Progres Positif di TPA Kabupaten Banjar dan Tapin
Sanksi yang diberikan kepada TPA di Kabupaten Banjar dan Kabupaten Tapin berupa kewajiban revitalisasi dan penataan sistem pengelolaan. Hal ini memungkinkan kedua TPA tersebut untuk tetap menerima sampah sembari melakukan perbaikan yang diperlukan.
Hardini menekankan pentingnya pelaksanaan dan pengawasan penataan secara konsisten. Ini bertujuan untuk memastikan bahwa perbaikan berjalan efektif dan sesuai dengan standar yang ditetapkan.
Laporan berkala mengenai progres perbaikan yang disampaikan kepada Kementerian Lingkungan Hidup menjadi indikator utama optimisme pencabutan sanksi. Komitmen daerah dalam menjalankan kewajiban ini sangat diapresiasi.
Tantangan Berat di TPA Kota Banjarmasin
Kondisi TPA di Kota Banjarmasin sangat berbeda dengan dua TPA lainnya. TPA Banjarmasin telah ditutup total dan tidak lagi menerima sampah, dengan seluruh timbulan sampah kota dialihkan ke TPA Regional Banjarbakula yang melayani kawasan metropolitan Kalsel.
Pencabutan sanksi terhadap TPA Banjarmasin belum dapat dilakukan dalam waktu dekat. Hal ini disebabkan oleh pekerjaan rumah besar yang harus diselesaikan, khususnya terkait sistem drainase yang membutuhkan anggaran besar.
Perbaikan drainase di TPA Banjarmasin tidak dapat diselesaikan dalam satu tahun anggaran. Rencananya, perbaikan akan dilakukan secara bertahap mulai tahun 2026 hingga 2027, menunjukkan kompleksitas dan skala masalah yang ada.
Pengelolaan Sampah dan Komitmen Anggaran Daerah
Secara kewenangan, pengelolaan sampah berada di tangan pemerintah kabupaten/kota. Sementara itu, pemerintah provinsi memiliki peran dalam pengelolaan TPA Regional Banjarbakula yang melayani lima kabupaten/kota di Kalsel.

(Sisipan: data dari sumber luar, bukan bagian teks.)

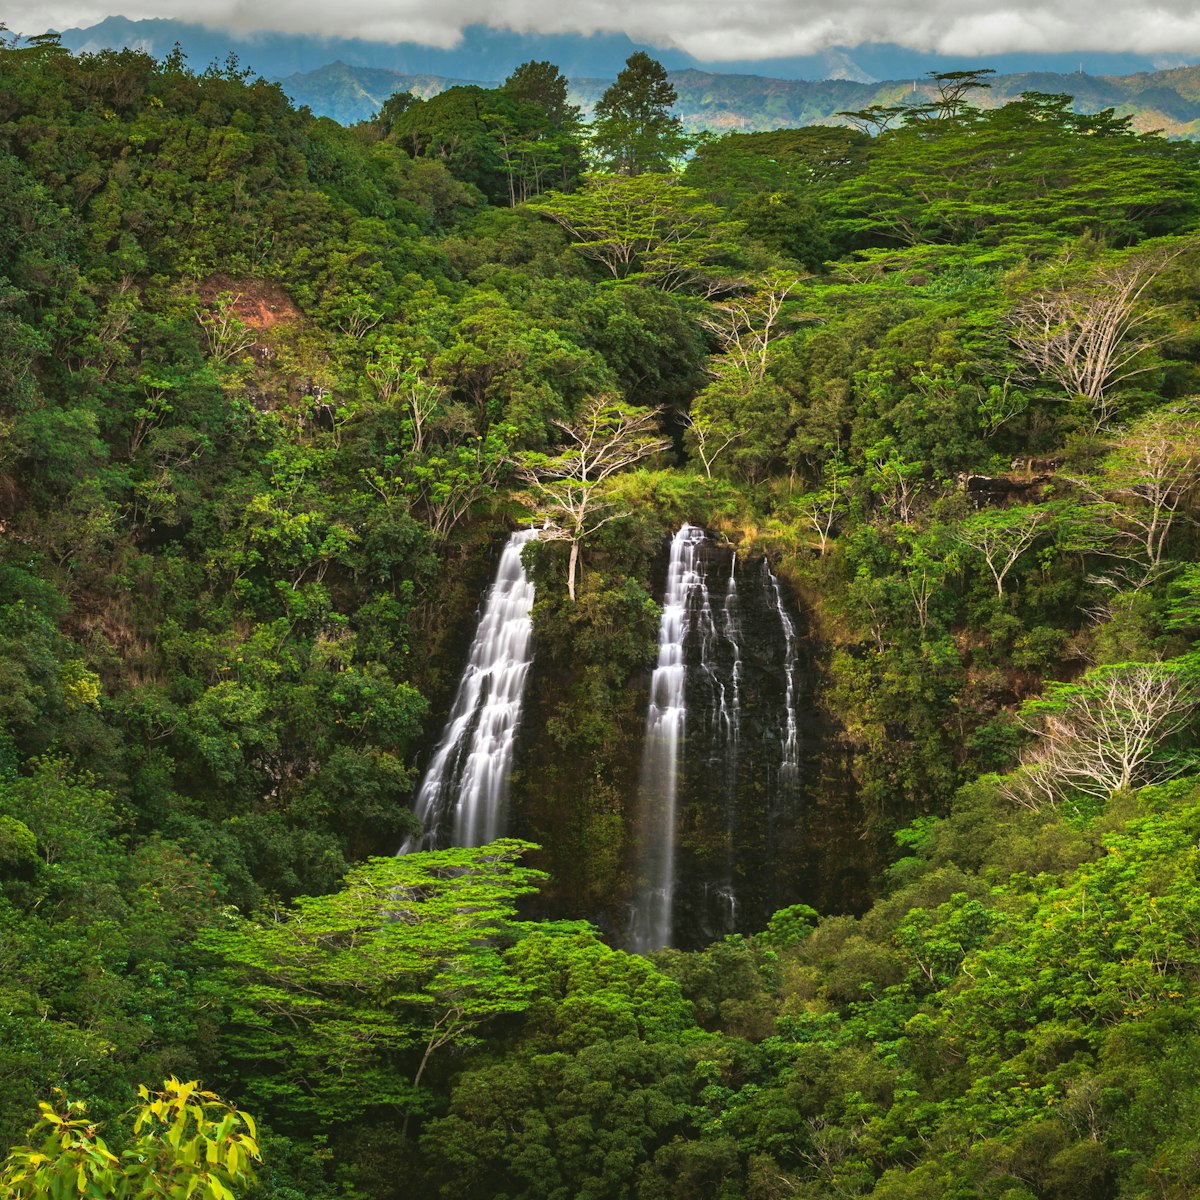 ʻŌpaekaʻa Falls, a waterfall located on the ʻŌpaekaʻa Stream in Wailua River State Park on the eastern side of the island of Kauai, Hawaii, United States.; Shutterstock ID 1378671545; purchase_order: 65050; job: ; client: ; other:
1378671545

Hardini juga menyoroti tantangan dalam implementasi Undang-Undang Nomor 18 Tahun 2008 tentang Pengelolaan Sampah. Tantangan utama meliputi keterbatasan anggaran serta lemahnya monitoring dan evaluasi di daerah.
Rata-rata alokasi anggaran pengelolaan sampah di kabupaten/kota masih terbatas, baik di DLH maupun sektor pendukung seperti Dinas Pekerjaan Umum (PU). Diharapkan, adanya sanksi dari KLH dapat mendorong daerah untuk meningkatkan komitmen anggaran dan kapasitas sumber daya manusia.
Meskipun TPA Banjarmasin masih menghadapi sanksi, Hardini menilai pemerintah kota setempat telah memiliki konsep pengurangan sampah yang cukup baik. Salah satunya adalah melalui pembentukan rumah pilah di tingkat kelurahan.
Sekitar 52 rumah pilah telah disiapkan lengkap dengan petugas dan pengawas. Jika dimonitor secara konsisten, inisiatif ini berpotensi mengurangi sampah dari sumbernya, sekaligus menekan beban TPA Regional Banjarbakula dan biaya pengangkutan.